В работе «Психологии масс и анализ человеческого "Я"» Фрейд счел достойными для рассмотрения лишь два вида так называемой организованной массы: это войско и церковь, между которыми он усматривает много общего: и церковь, и войско имеют своих вождей (бога и царя), которые расположены за пределами массы и которые определяют её действия. Говоря языком психоанализа, «первичная масса есть какое-то число индивидов, сделавших своим "Я — идеалом" один и тот же объект, и вследствие этого в своем "Я" между собой идентифицировавшихся» [там же, с. 836]. Но это происходит и в кинематографе, когда зрители отождествляют себя с главным героем (героями) или со
взглядом кинокамеры (позицией автора фильма). Из этого следует смелый вывод: кинематограф способен взять на себя вождение толпой. Его подтверждает сама история.
В царской России начала ХХ века болезненный переход к новому индустриальному укладу осложнялся тяжелыми политическими обстоятельствами. Нам доступны описания атмосферы этого времени, оставленные А. Белым, где, кроме упоминания о штыках и пушках, застенках и кандалах, говорится о «разврате, повальном плясе, повальном пьянстве, повальном картежничестве и похабстве неприличных фотографических карточек, продаваемых в каждом писчебумажном магазине под покровительством московской полиции, видевшей в этом средство отвлечь молодежь от общественности» [5, с. 79]. В ситуации потери социальных ориентиров, после гибели авторитета вождей как церкви, так и войска, именно кинематограф смог объединить людей, предложив новый способ становления коллективной идентичности.

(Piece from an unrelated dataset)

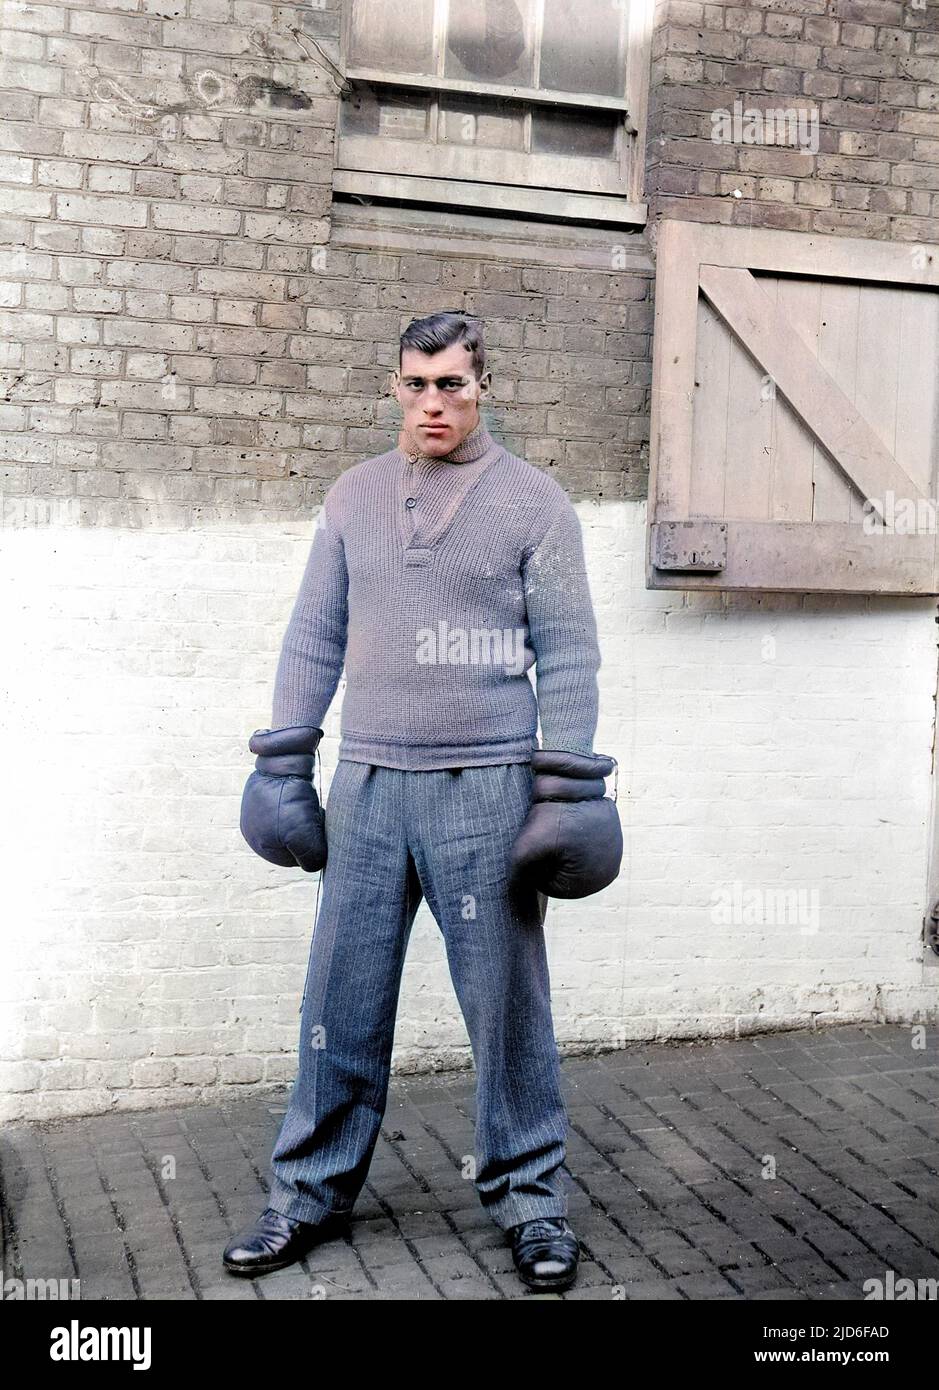 Pugile italiano, primo Carnera, campione del mondo dei pesi massimi 1933 - 1934. Versione colorata di : 10164394 Data: 1906 - 1967 Foto Stock

Благодаря своему «ярмарочному» происхождению и демократичному характеру, кинематограф принял и начал развивать фольклорные традиции народного праздника, массового театрализованного действия, восходящие к древним обрядам, пронизанным стихией обновляющего, пересоздающего мир ритуального смеха [7, с. 4]. Кинематограф смог соответствовать духу совершенно новых коммуникативных законов времени благодаря способности взаимодействовать с массами.

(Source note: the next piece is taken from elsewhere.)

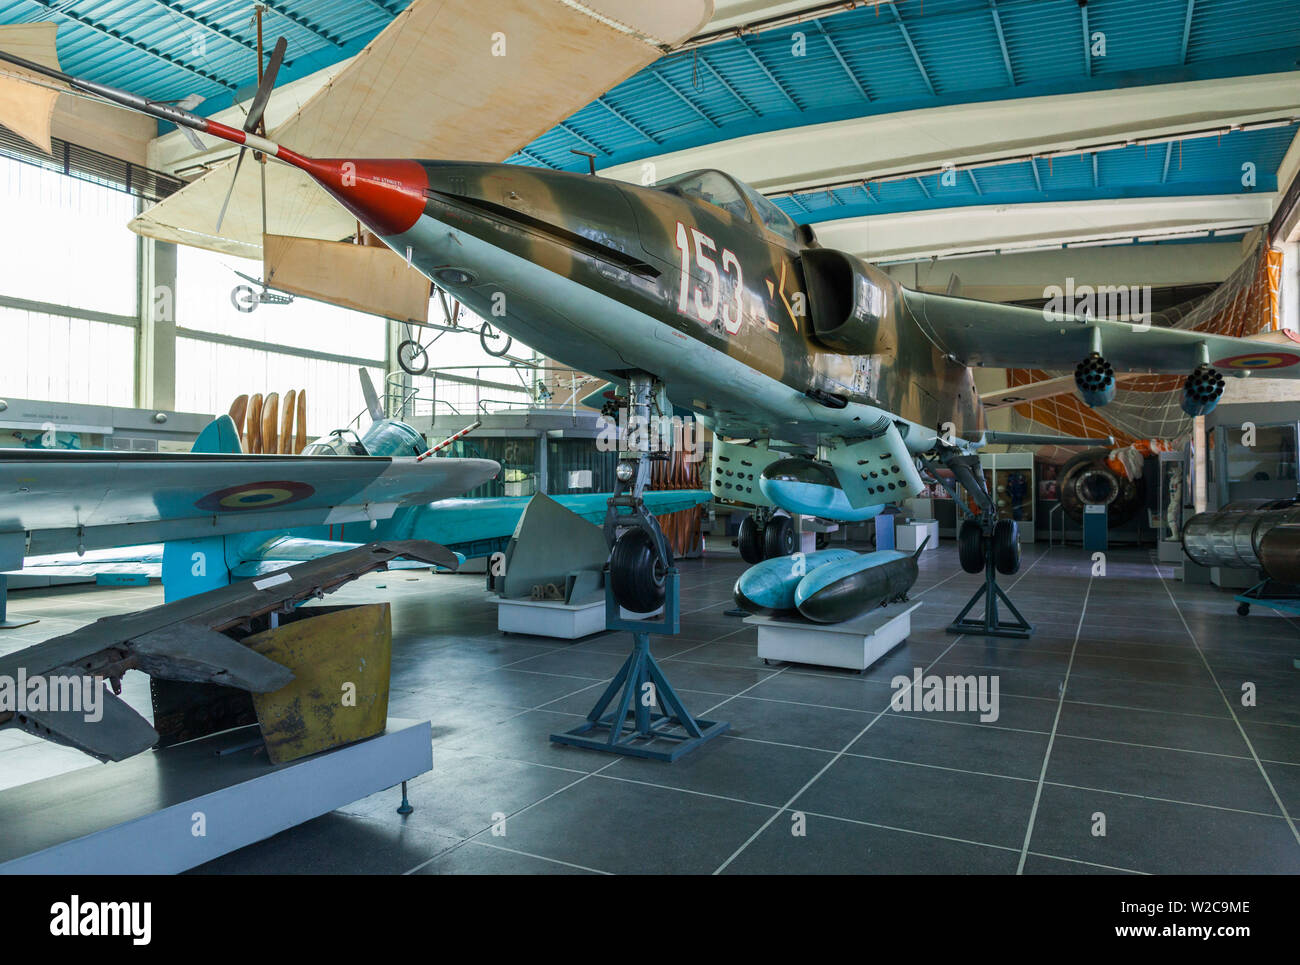 Roumanie, Bucarest, Musée Militaire National, Roumain-construit, à l'époque de la guerre froide, l'IAR-93 Vautour, des avions d'attaque au sol Banque D'Images

Предтеча кинематографа — лубок?
С последней трети XVIII века фольклор в России бытовал в устном изложении и в письменной форме, которые испытывали постоянное взаимное влияние. К письменной традиции принадлежали лубочные картинки и романы, основанные на мотивах, почерпнутых в старых сказках, народных песнях. Стиль лубочной картинки основан на принципах наивно-примитивного изобразительного творчества: это рисунок с текстовыми комментариями на полях, то есть рассказ, передаваемый при помощи показа. Обратимся к этимологии слова: "лубом" называли липовую доску, на которой гравировалось изображение, которое затем переносилось на листы бумаги при помощи оттиска. Таким образом, лубок сам по себе — любопытный процесс зримого перехода от аутентичного
фольклора к машинному серийному производству. Лишенный авторской подписи, он был лишен различий между собственными вариантами. Очень часто картинки из жизни купцов и крестьян отличались только костюмами персонажей. «Лубок в своем большинстве — усредненное, омассовленное изделие, рассчитанное на спрос неразвитого эстетического вкуса» [3, с. 37].
Представители городских слоев общества потеряли интерес к лубочным картинкам и книгам со времен распространения печатной книги. Элитарные виды искусства давно ассимилировали и преодолели его наследие. В среде же крестьянства лубок продолжал жить, более того лишь к XIX веку он смог, наконец, полноценно утвердить себя, установить связь с потребителем, который теперь стал самостоятельно определять тематику продукции (ранее лубочная литература не только не считалась с запросами и вкусами крестьян, но, скорее, определяла их и развивала). Маленькие книжки по цене от 5 до 20 копеек продавались на Никольском рынке в Москве, в Петербурге на Сенном, а также в возникших в это время и активно распространяющихся во всех крупных городах газетных киосках и книжных лавках. А по деревням их по-прежнему носили в коробах офени [2, с. 43]. В конце XIX — начале XX века тиражи лубочных книжек неуклонно росли, достигая миллионных показателей. В статье «Нат Пинкертон и современная литература» Чуковский цитирует Герцена: «Внизу и вверху разные календари. Наверху XIX век, а внизу разве XV, да и то не в самом в низу, — там уж готтентоты да кафры различных цветов, пород и климатов» [4, с. 33]. Подхваченные глобальными переменами, что несла с собой урбанизация, сельские люди переместились в города и превратились в представителей низовых слоев городского населения. Они не только не имели представления о высоком искусстве, не интересовались библиотеками, в то время не столь распространенными, — зачастую они не были знакомы с грамотой. Кинематограф стал носить звание народного искусства, когда привлек именно эту публику. Он стал соборным творчеством тех самых «готтентотов и кафров», этих культурных папуасов, благодаря чему пережил взлет настолько стремительный, что, казалось, был призван возродить фольклорное творчество.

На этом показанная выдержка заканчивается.